While my friend not surprisingly tried to argue why I should “rethink my position” and come back to the GOP fold, my friend also wanted to know why I am supporting Obama. I explained my views and reasoning, we discussed health care issues and other issues at length and it was a cordial conversation even if we did not agree on everything. My friend wasn’t happy When I mentioned Hillary, the response was that Hillary as the Democrat nominee would do more to reunite the fractious GOP than anything else. Like GOP pundits, my friend is almost hoping Hillary is the Democrat nominee if only because Hillary will be the trick needed to get otherwise disaffected members of the GOP out to the polls come November. Thus, my thoughts on Hillary’s unifying effect for the GOP were yet again confirmed.

Despite Hillary’s wins in New York and California, I still believe that Obama is the better candidate to go up against McCain. Moreover, I believe he may be in a position to gain more traction over the next rest of the month based on the latest Yahoo News story ( which confirms that Hillary has had to make a loan to her own campaign. In fact, I believe in Obama so strongly that I am meeting with the local Obama field organizer tomorrow and will offer the use of my office phone lines for making get out the vote calls. Here are some highlights from the Yahoo News article:

WASHINGTON - Super Tuesday's mixed outcome has set up at least four weeks of frenzied delegate hunting for Democrats Hillary Rodham Clinton and Barack Obama, pitting his well-financed all-terrain campaign against her big-state strategy. In a sign of Obama's growing financial advantage, Clinton acknowledged Wednesday that she loaned her campaign $5 million late last month as Obama was outraising and outspending her heading into Feb. 5 Super Tuesday contests. Some senior staffers on her campaign also are voluntarily forgoing paychecks as the campaign heads into the next round of contests. Buoyed by strong fundraising and a primary calendar in February that plays to his strengths, Obama plans a campaign blitz through a series of states holding contests this weekend and will compete to win primaries in the Mid-Atlantic next week and Hawaii and Wisconsin the following week.

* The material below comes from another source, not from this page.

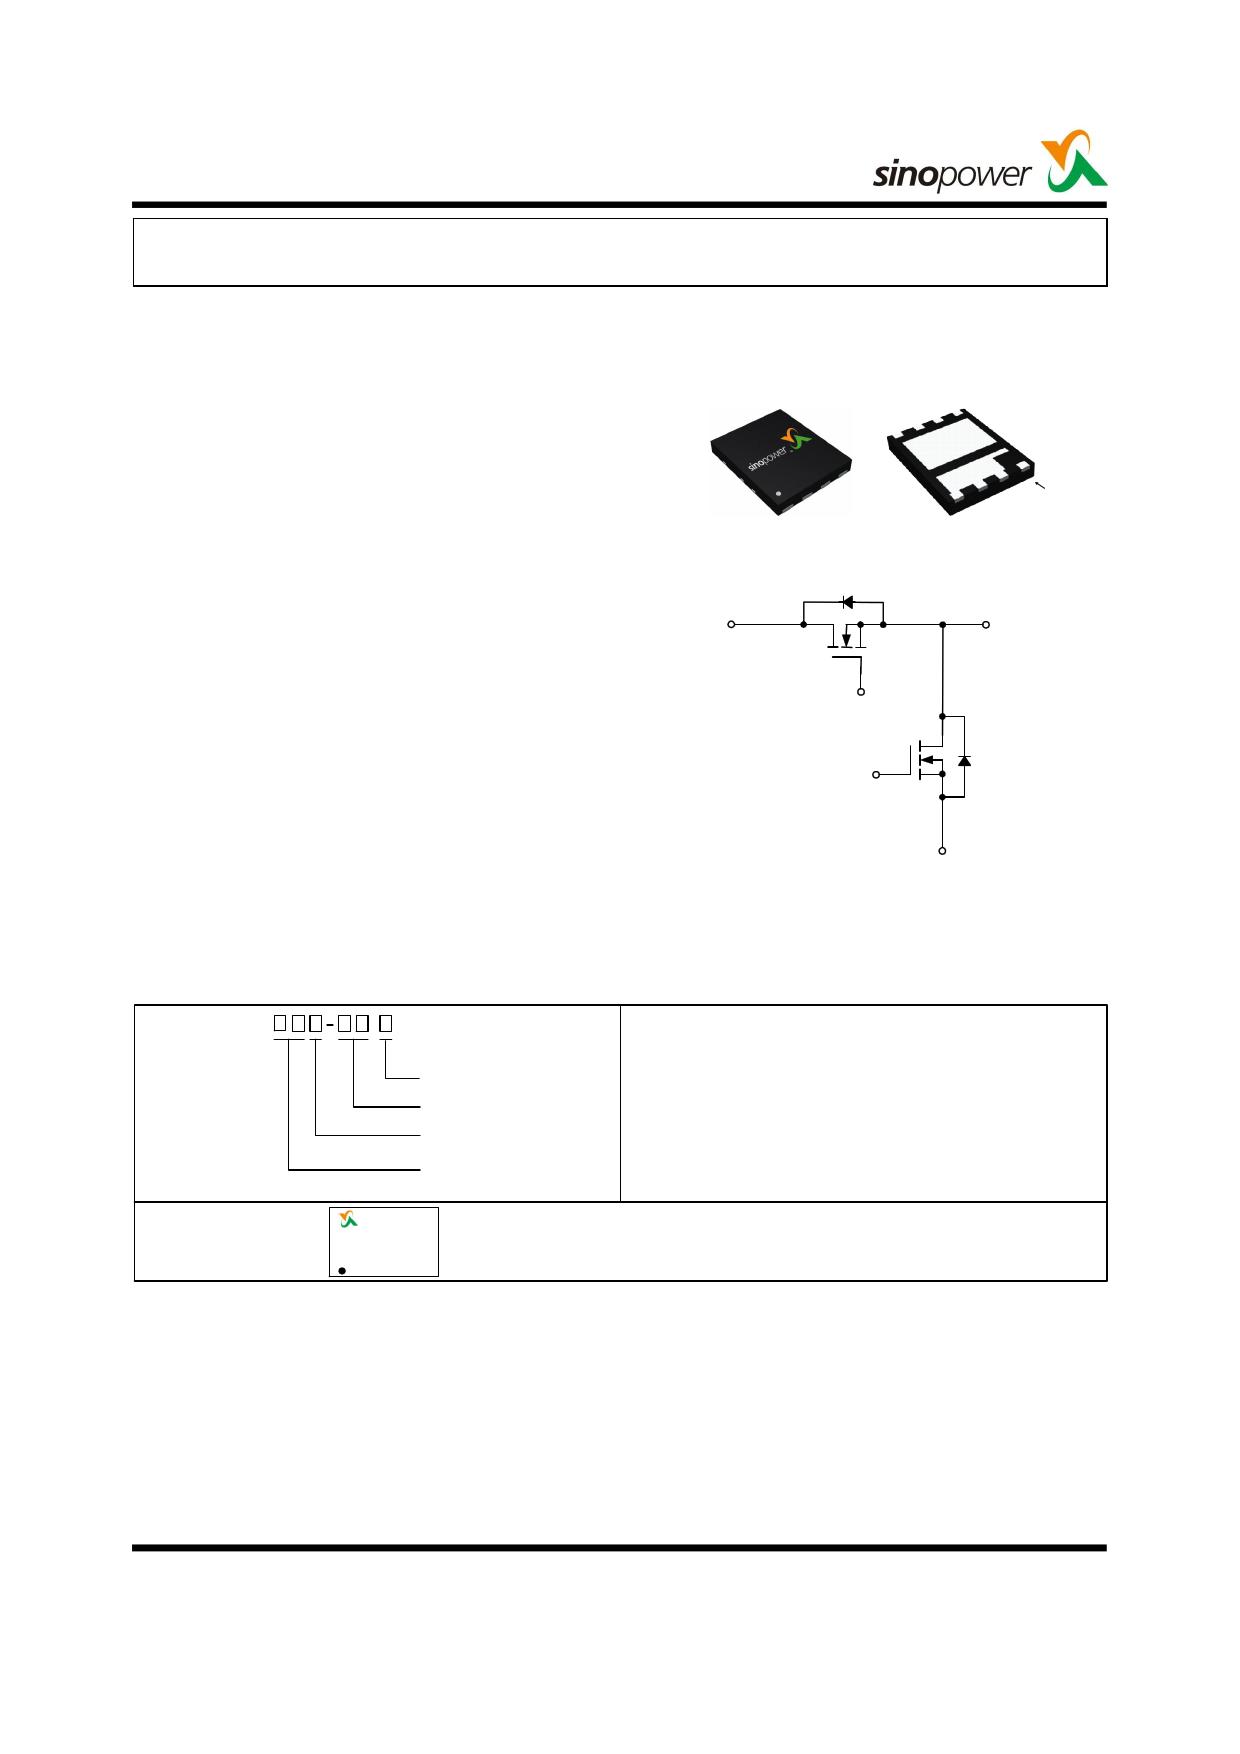 SM7320ESQG datasheet pinout pdf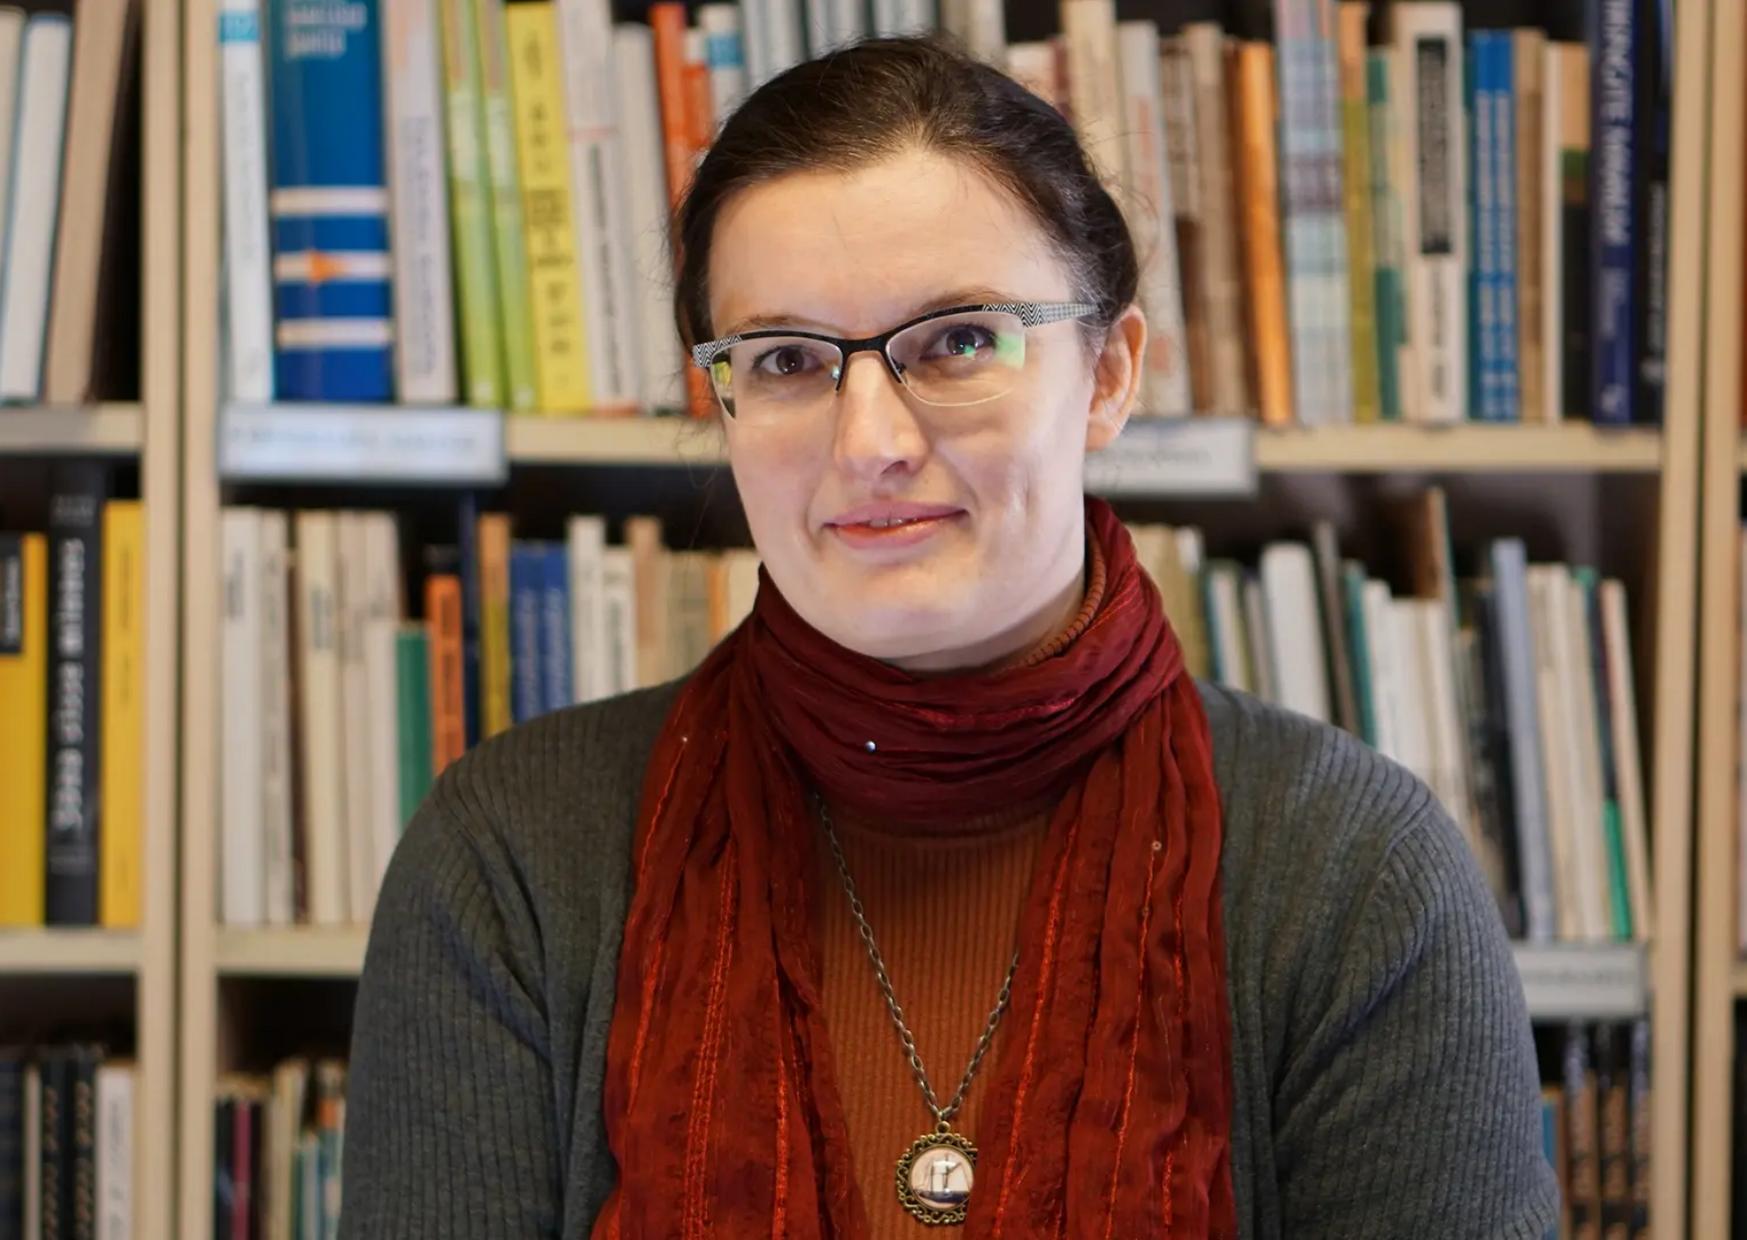 Palju õnne, doktor Katrin Soika!

Clinton's personal loan illustrated her financial disadvantage and her desire to pick her targets with care. She sent an e-mail appeal to donors Wednesday seeking $3 million in three days — an effort, that if successful, would match the fundraising rate Obama averaged for the entire month of January. Obama, riding a wave of fundraising both from large donors and small Internet contributors, raised a stunning $32 million in January. Clinton campaign chairman Terry McAuliffe said last week the Clinton campaign raised only $13.5 million for the month. The $5 million loan was in addition to that amount, Wolfson said. Clinton advisers were stunned by Obama's January fundraising and have marveled at his ability to raise small-dollar amounts from a vast field of donors.

Privately, her strategists also have largely written off her chances of winning the so-called Potomac primary Feb. 9, given the large black populations in Virginia, Maryland and D.C. They also played down her chances in the following week's major primaries — Hawaii, where Obama grew up, and Wisconsin, which has virtually sealed the nomination for other Democrats in years past. Wisconsin's Democratic electorate is largely liberal and college educated, and its open primary allows independents to vote — all factors that favor Obama. Clinton faces significant fundraising obstacles ahead, raising the possibility that she might have to dip into the family's wealth again. The Clinton's financial disclosures, which reveal only broad ranges of assets, place their wealth between $10 million to $50 million.